Velvet is a cassette EP by the Toadies.  It was self-released on June 26, 1992 on an IEC Type II compact cassette tape.  All songs by Todd Lewis except "Stop It" by Pylon.  All songs recorded live at Crystal Clear Sound except "I Burn", which was recorded on Darrel Herbert's 4-track.  Mastered/engineered by Keith Rust.  Mixed by Keith & T.L.  Cover art by Dan Lightner.  Cover design by Caren Lane.
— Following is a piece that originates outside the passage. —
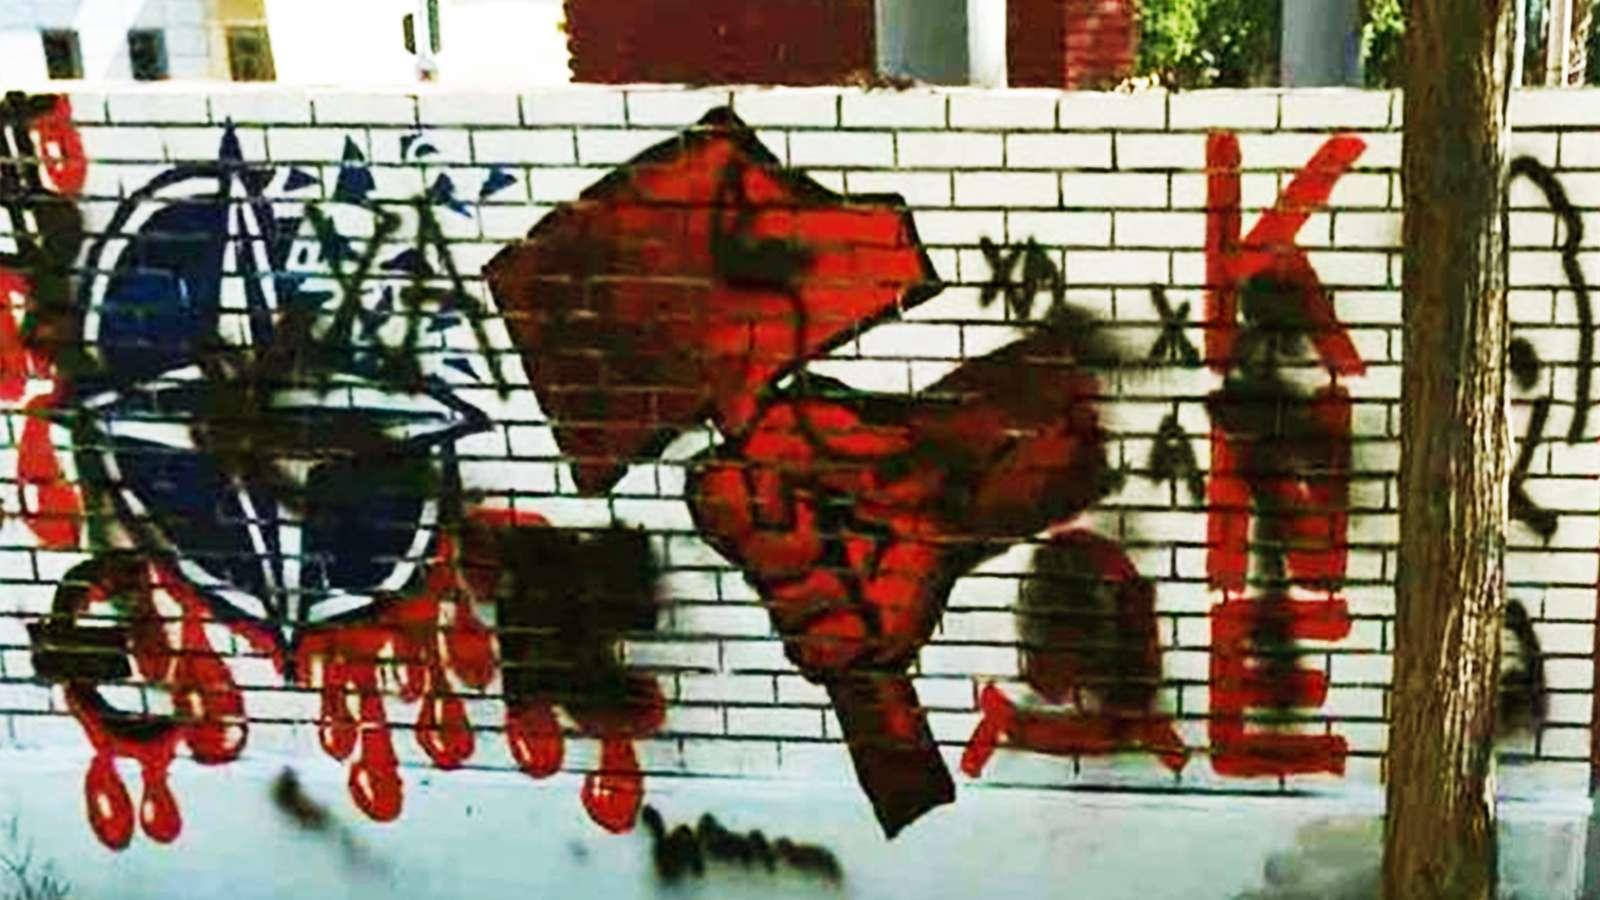 Αιγάλεω Γκράφιτι Αντιμπεριαλιστικό 2ήμερο ΚΝΕ φασίστες

The songs "Possum Kingdom" and "Got A Heart" also appear in identical form on the Pleather EP.  "Mister Love" can be found in identical form on the "Mister Love" 7" single.  While the song "I Burn" can be found elsewhere, the track as presented here is an acoustic version exclusive to this release.

Track listing
 "Mister Love" (Lewis) - 2:32
 "Run-In with Dad" (Lewis) - 2:00
 "Velvet" (Lewis) - 2:24
 "Possum Kingdom" (Lewis) - 4:56
 "Stop It" (Pylon: Bewley/Briscoe/Crowe/Lachowski) - 2:49
 "I Burn" (Lewis) - 3:24
 "Got A Heart" (Lewis) - 3:13

Repeats both sides.
©1992 Slaphead Tunes.

Personnel
Todd Lewis - vocals, guitar
Lisa Umbarger - bass
Mark Reznicek - drums
Tracey Sauerwein - guitar
Charles Mooney III - guitar

References
Toadies. Velvet. Self-released, 1992. Cassette.
Toadies+Slowpoke. "Toadies tape release, Friday, June 26th at Mad Hatter's, 9:00 show..." Concert flyer, 1992. Facsimile.
Toadies. Pleather. Grass, 1993. CD.
Toadies. "Mister Love". Grass, 1993. 7" single.